Lima Raperda tersebut yakni Raperda pencabutan Perda kota Baubau nomor 18 tahun 2012 tentang retribusi pergantian biaya cetak kartu tanda penduduk dan akta catatan sipil, Raperda pencabutan Perda nomor 5 tahun 2013 tentang izin dibidang ketenagalistrikan.

-Advertisement-

Kemudian Raperda pencabutan Perda nomor 6 tahun 2011 tentang pajak air tanah, Raperda pencabutan Perda nomor 8 tahun 2011 tentang mineral bukan logam dan batuan, Raperda pencabutan Perda nomor 6 tahun 2012 tentang izin gangguan dan Perda nomor 34 tahun 2012 tentang retribusi izin gangguan.

Pj Wali Kota Baubau, Hado Hasina mengatakan, Perda tersebut harus dicabut akibat dari konsekuensi berlakunya UU Nomor 23 tahun 2014 tentang Pemerintahan Daerah.

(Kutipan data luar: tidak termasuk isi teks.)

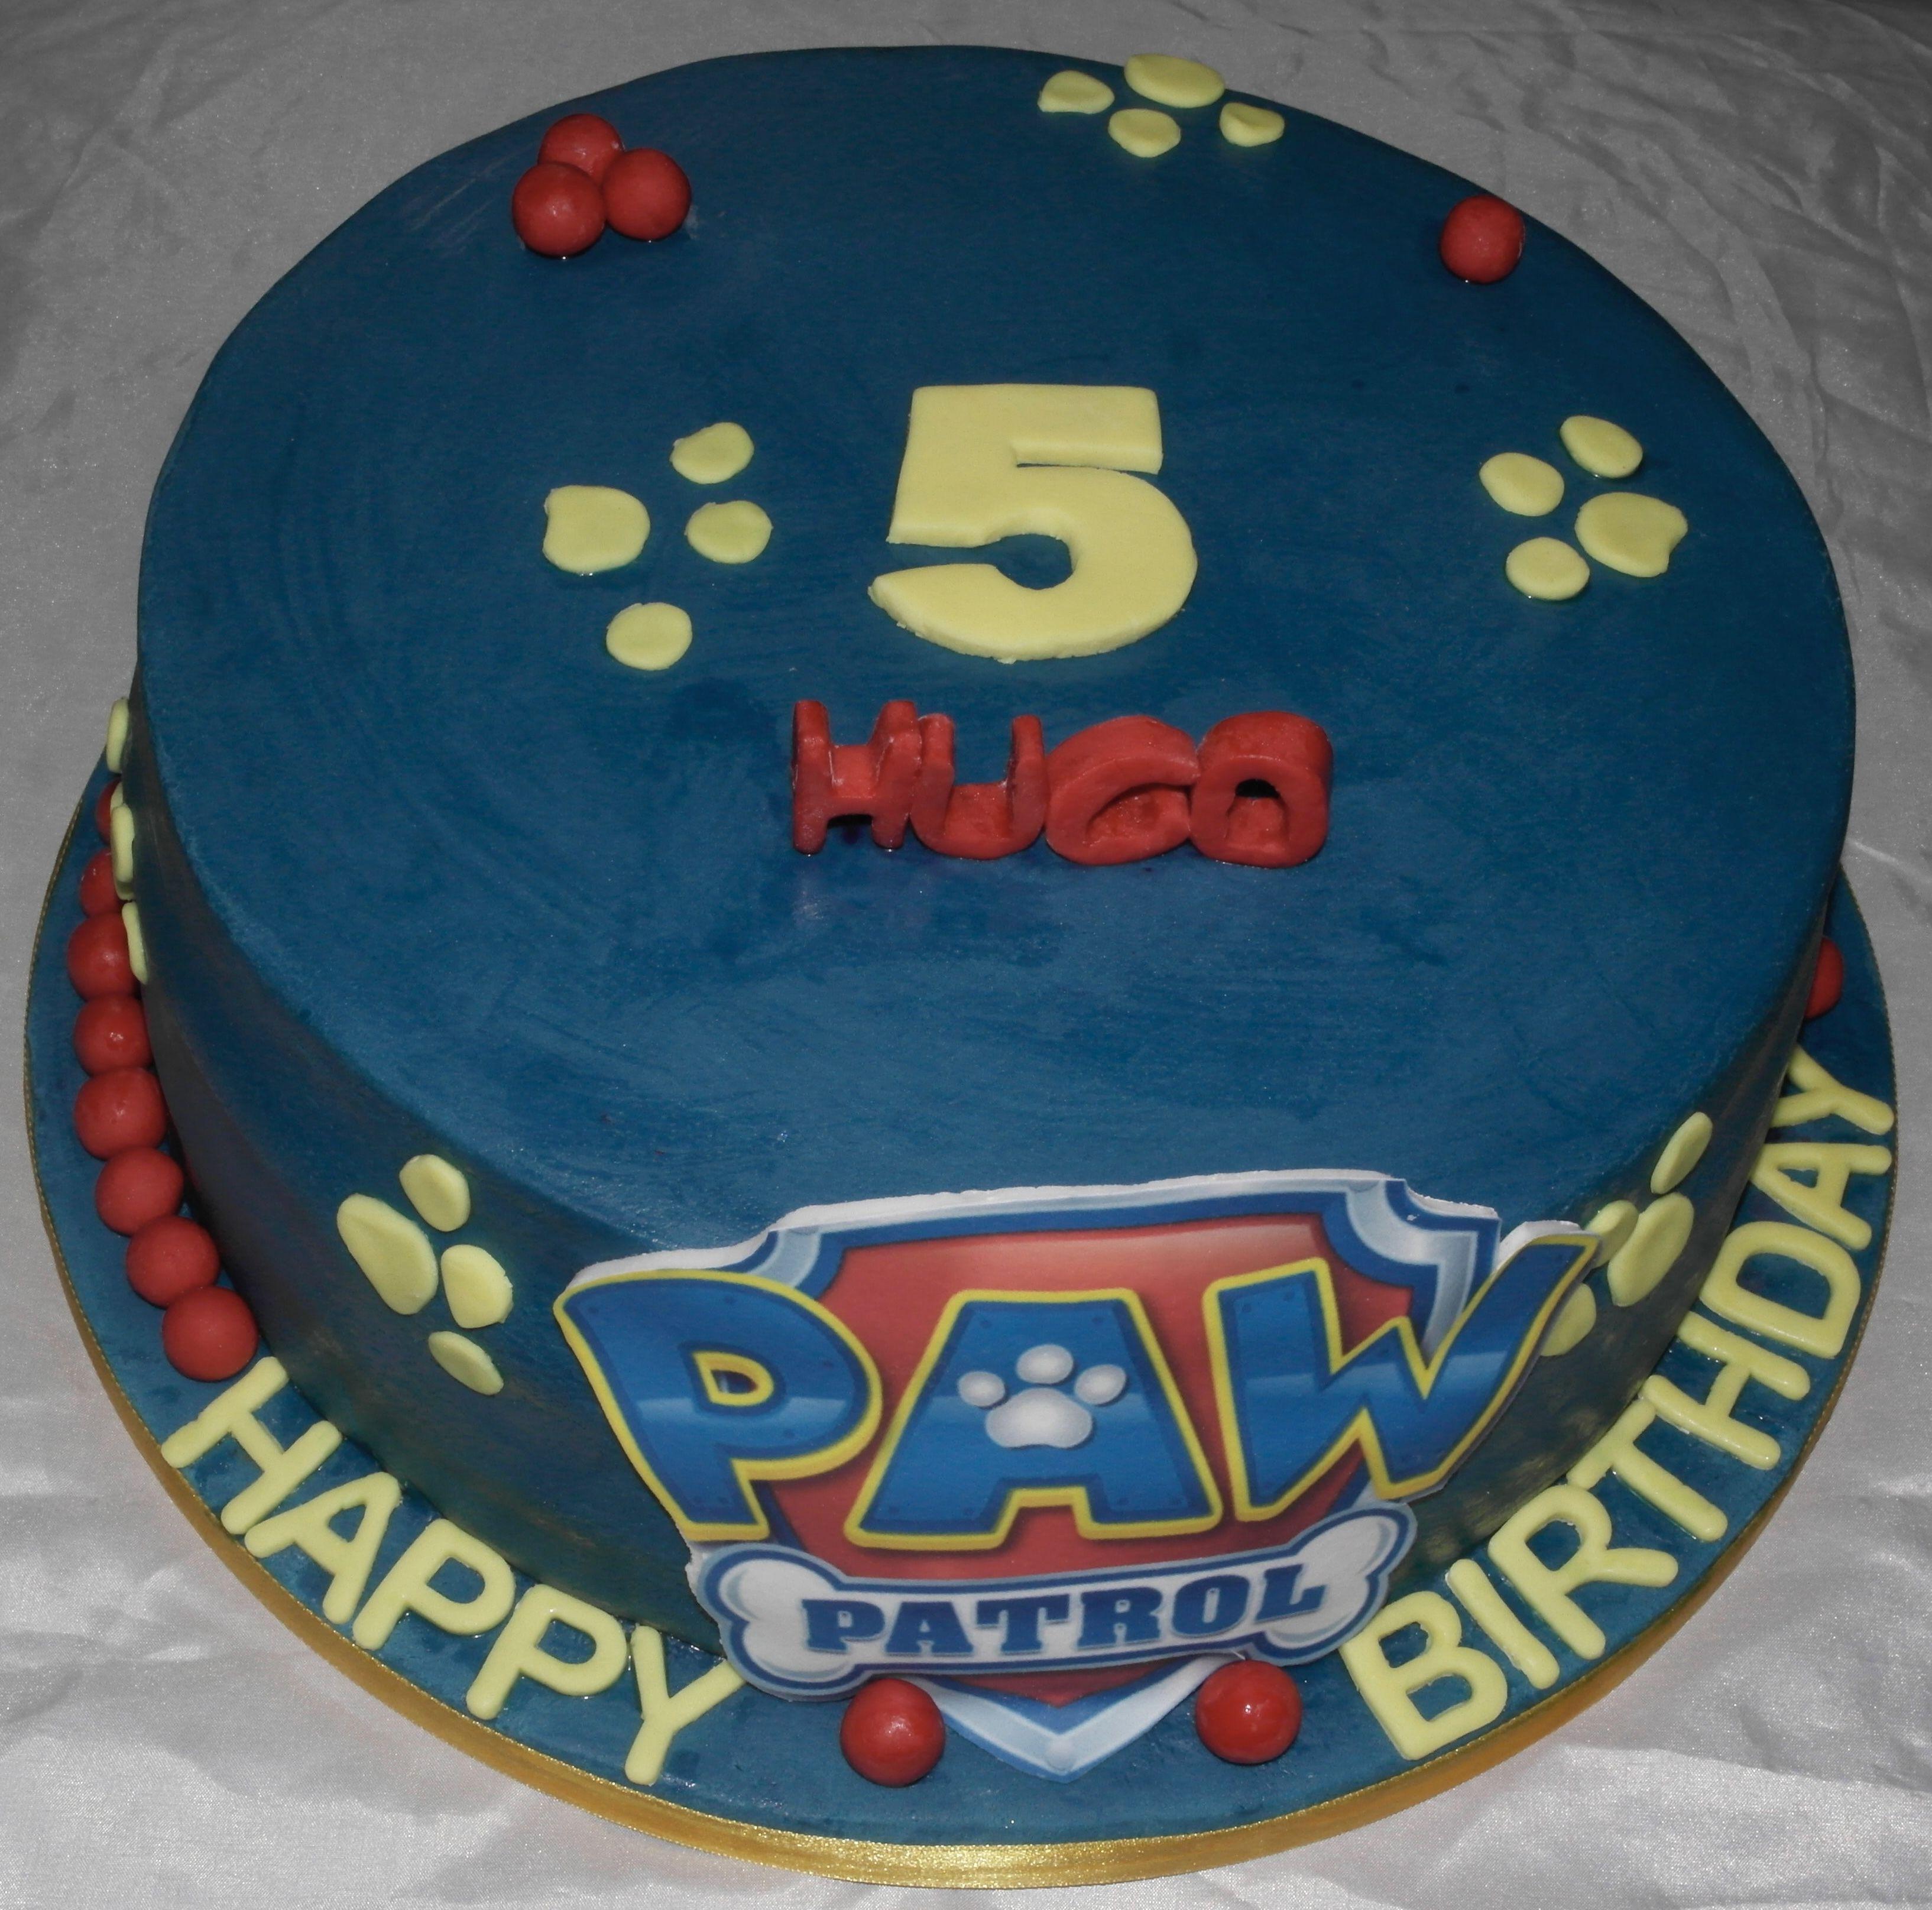 Tremendous Paw Patrol 5Th Birthday Cake Chocolate Layered Cake With Paw Funny Birthday Cards Online Bapapcheapnameinfo

Dimana, sejumlah kewenangan yang sebelumnya merupakan kewenangan Pemkot Baubau dialihkan menjadi kewenangan pemerintah provinsi.

“Sehingga kalau kita tidak cabut, tentu saja akan dapat masalah secara kelembagaan,” katanya saat menghadiri sidang paripurna di DPRD Baubau.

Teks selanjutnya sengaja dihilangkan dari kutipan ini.